I agree, and I could argue the same thing for maintaining
manufacturing/vocational jobs. As I said in my first post, giving reasonable
wages to the lower/middle class means they have more disposable income and
consume more. I think this is a net positive economic effect. If a high net-
worth person makes 10x the average wage, that doesn't mean she will buy 10
times as many televisions, ipods, or cars. She may purchase HIGHER QUALITY
goods/services, but overall consumption from 10 workers making 40k per year
and 1 high net worth person making 400k per year are not equivalent. This
consumer demand from the lower-middle class ultimately creates markets and
creates long-term efficiencies.

>However, indefinitely preventing technology from advancing civilization is
the exact opposite

I don't want to cling to the past. But as our society progresses we must find
ways to integrate hard working people that aren't the type to sit in a office
all day. I think Germany is a good model. In high school, students are
separated into a vocational track or an academic track.

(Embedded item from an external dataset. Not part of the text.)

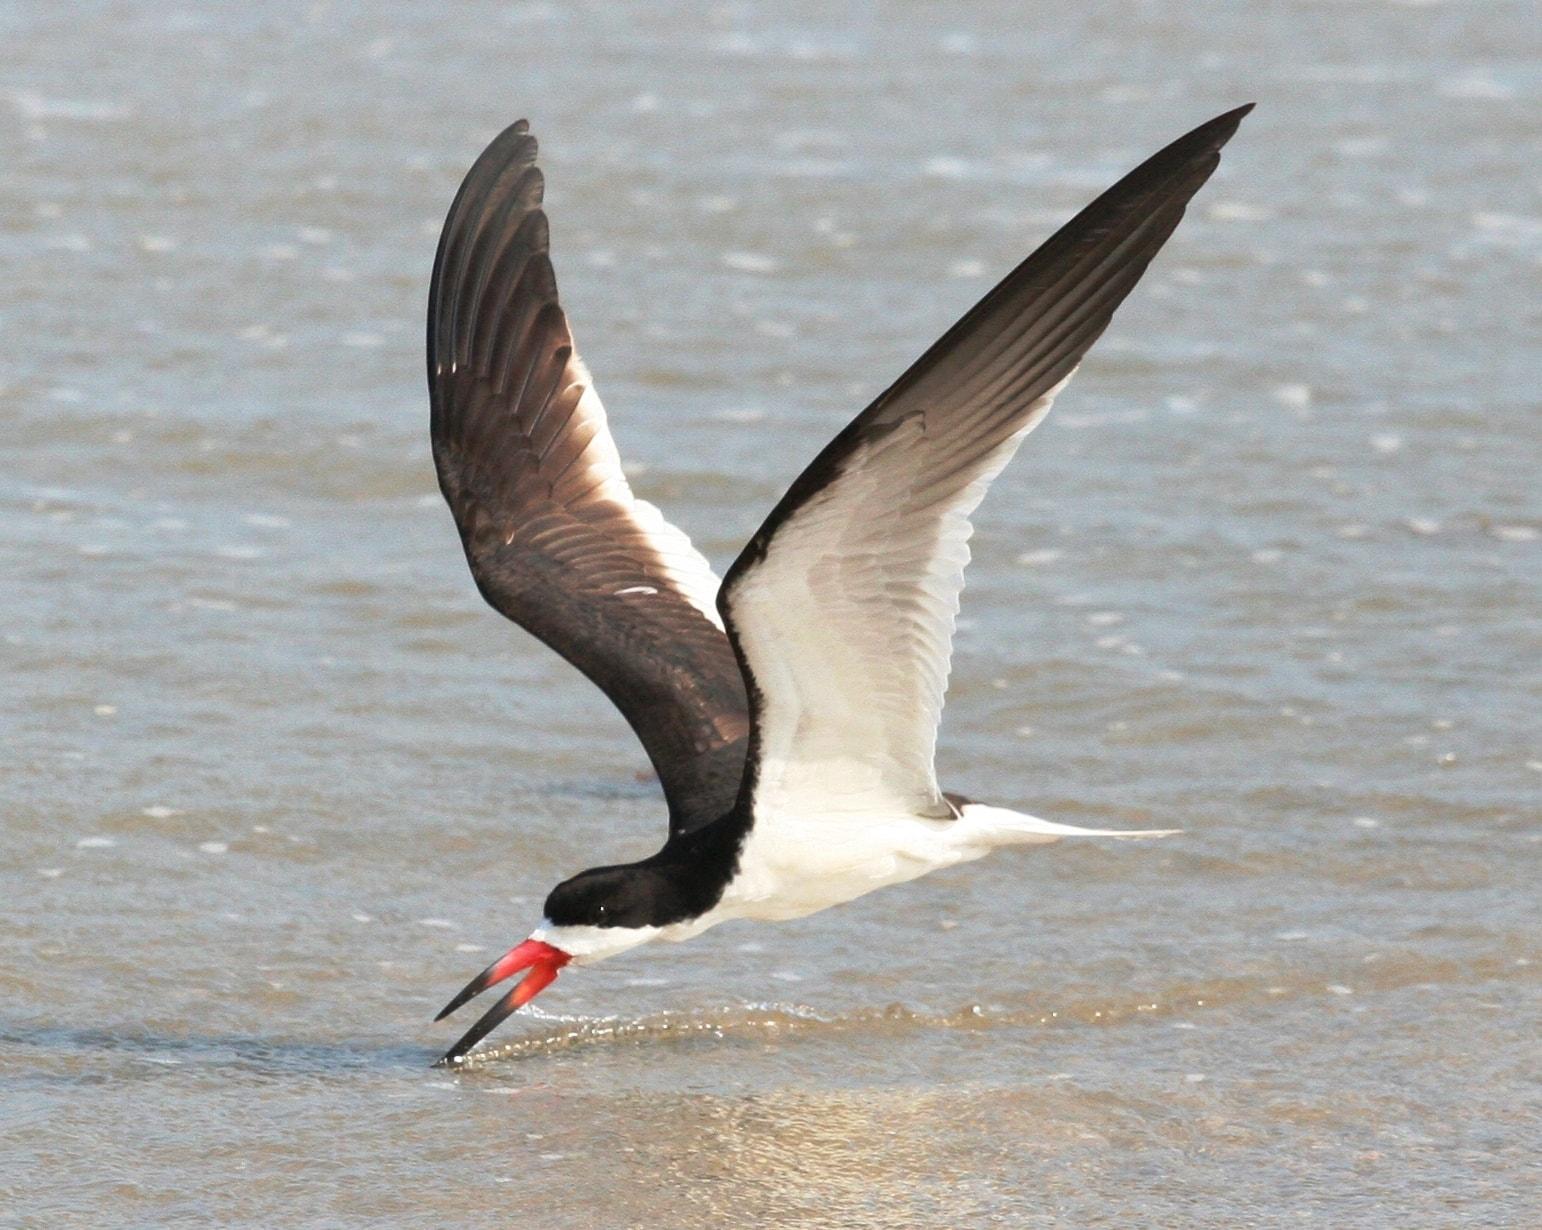 "<img src=""shorebird.jpg"" alt=""A black Skimmer gliding to get fish from water"">"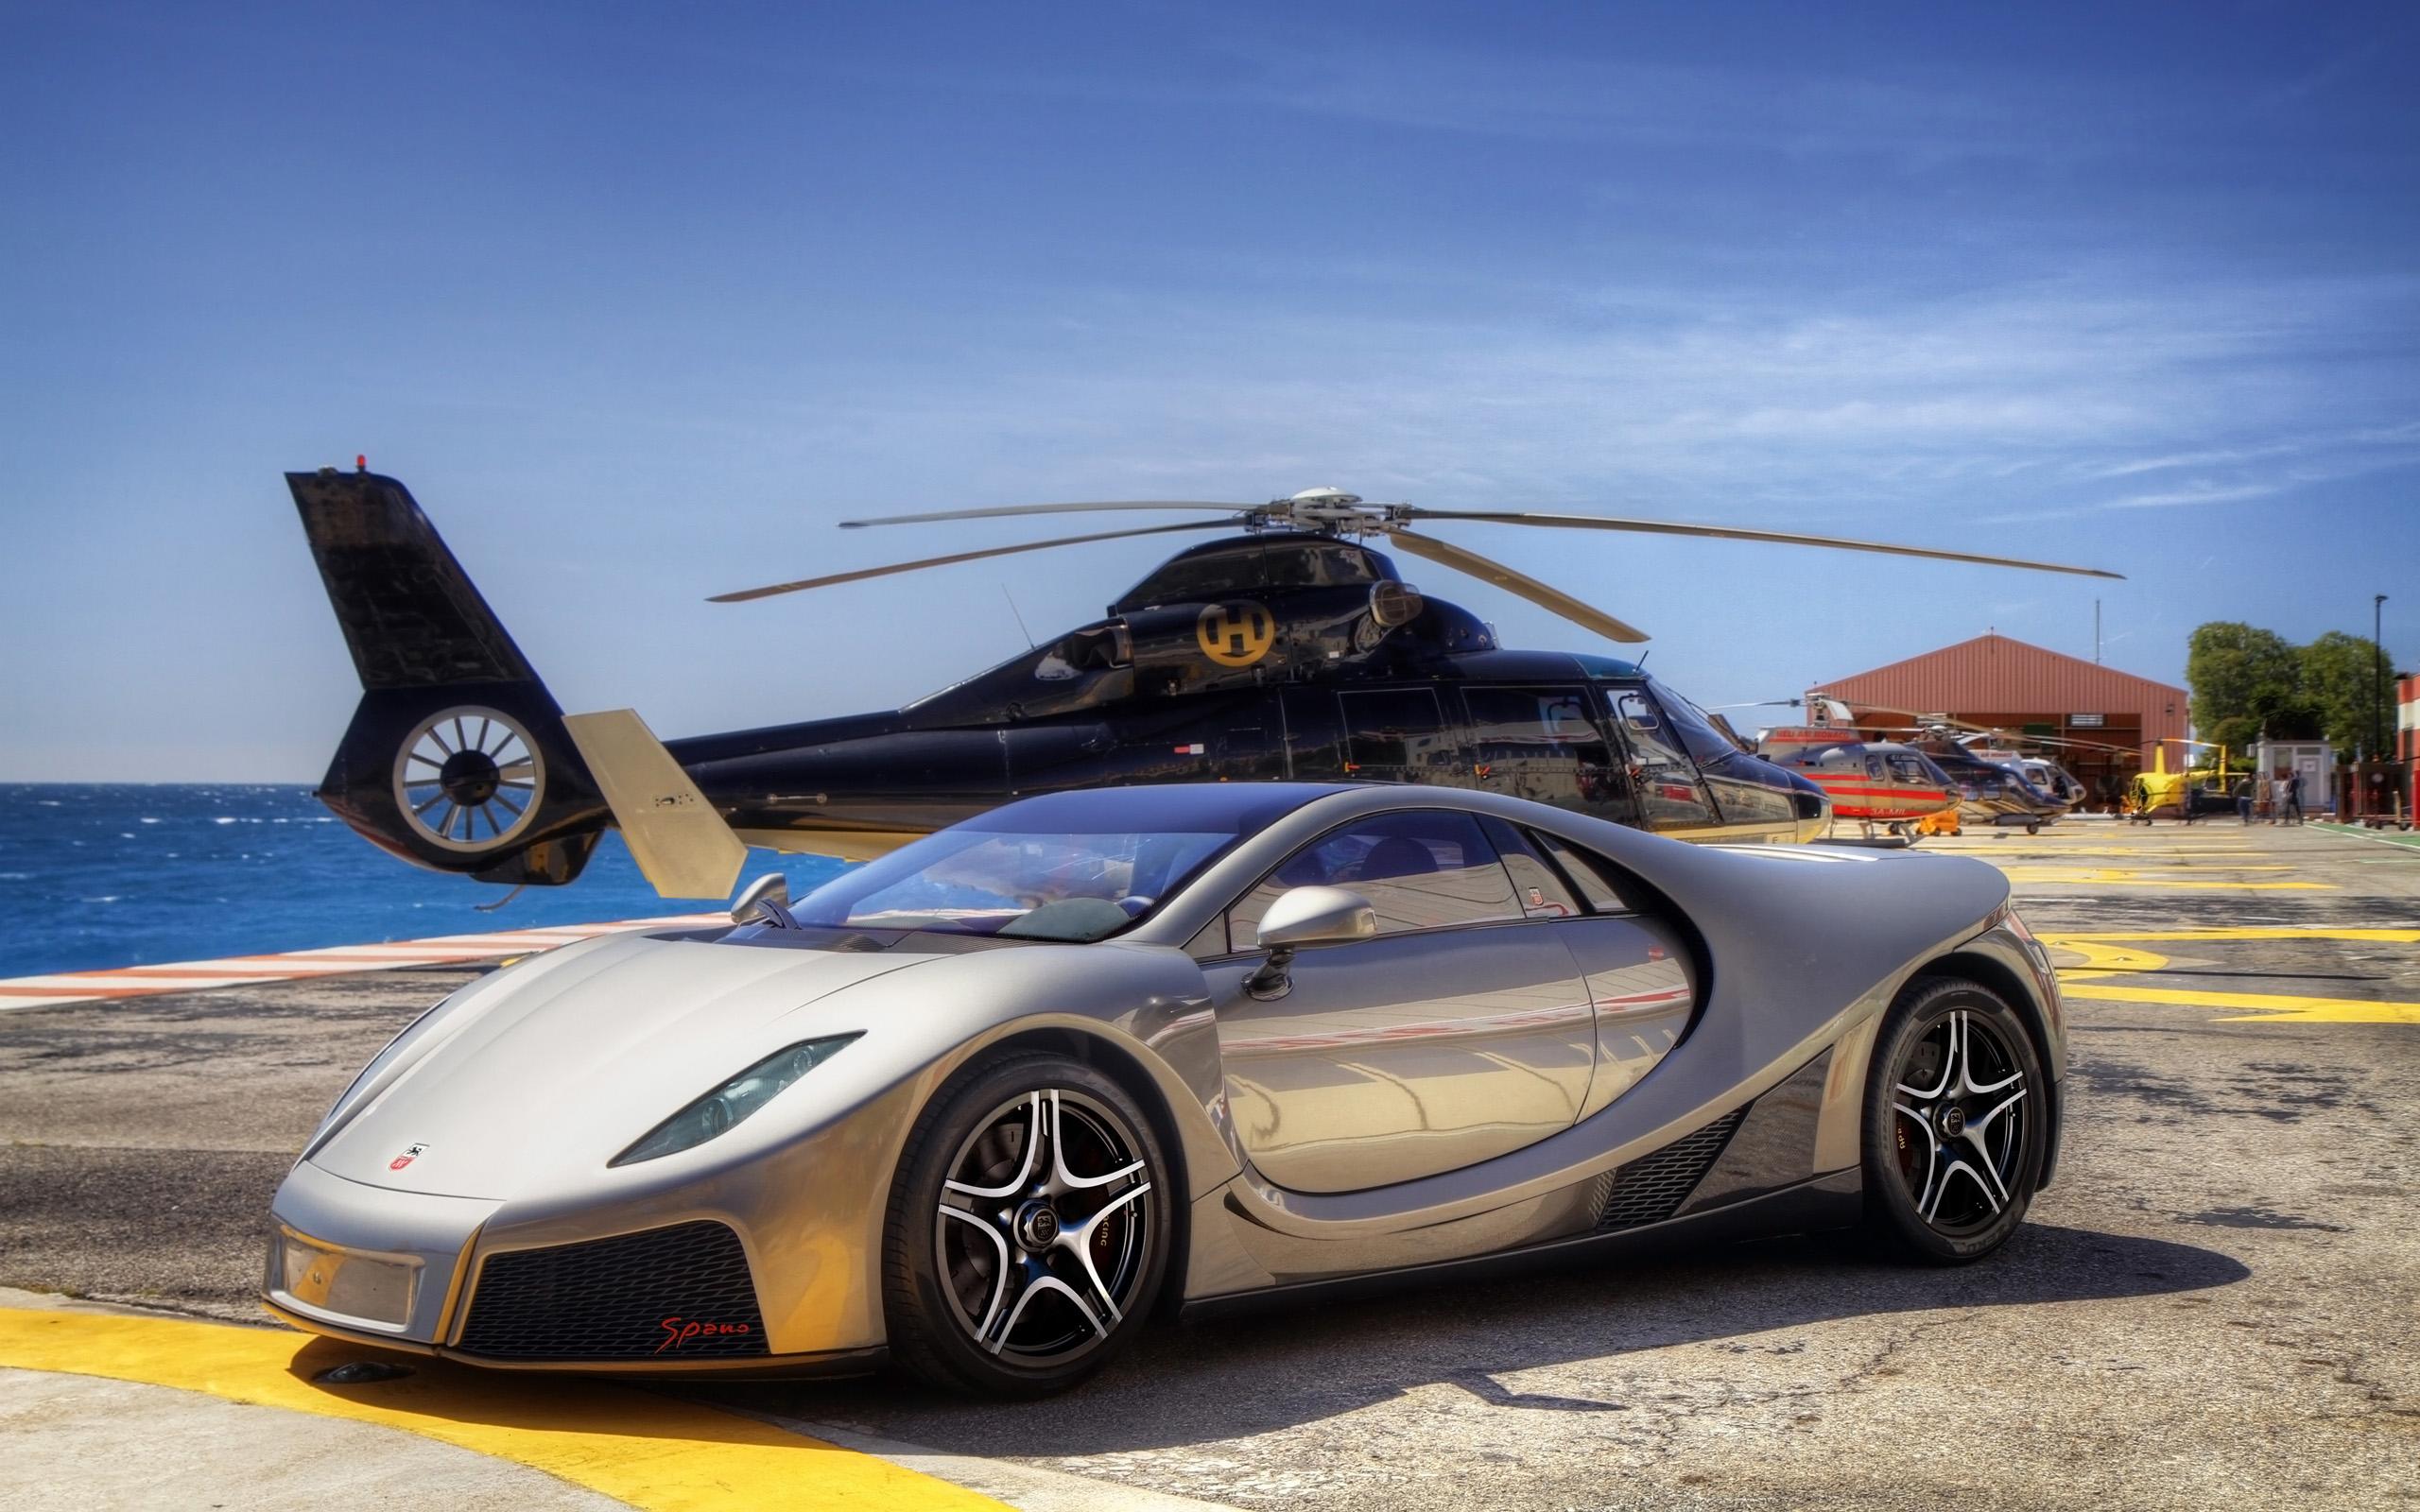 Charmant 2014 GTA Spano Silver

Because of this,
Germany has a very highly skilled manufacturing workforce today.

>I don't believe that there needs to be "a viable option for 'hands-on' people
to earn a livable wage

I disagree very strongly with this statement. There are more 'hands-on' people
than 'intellectual' people in this country. If those 'hands-on' people can
earn $25 per hour, then you can make your apps and devices and they will have
enough money to buy it.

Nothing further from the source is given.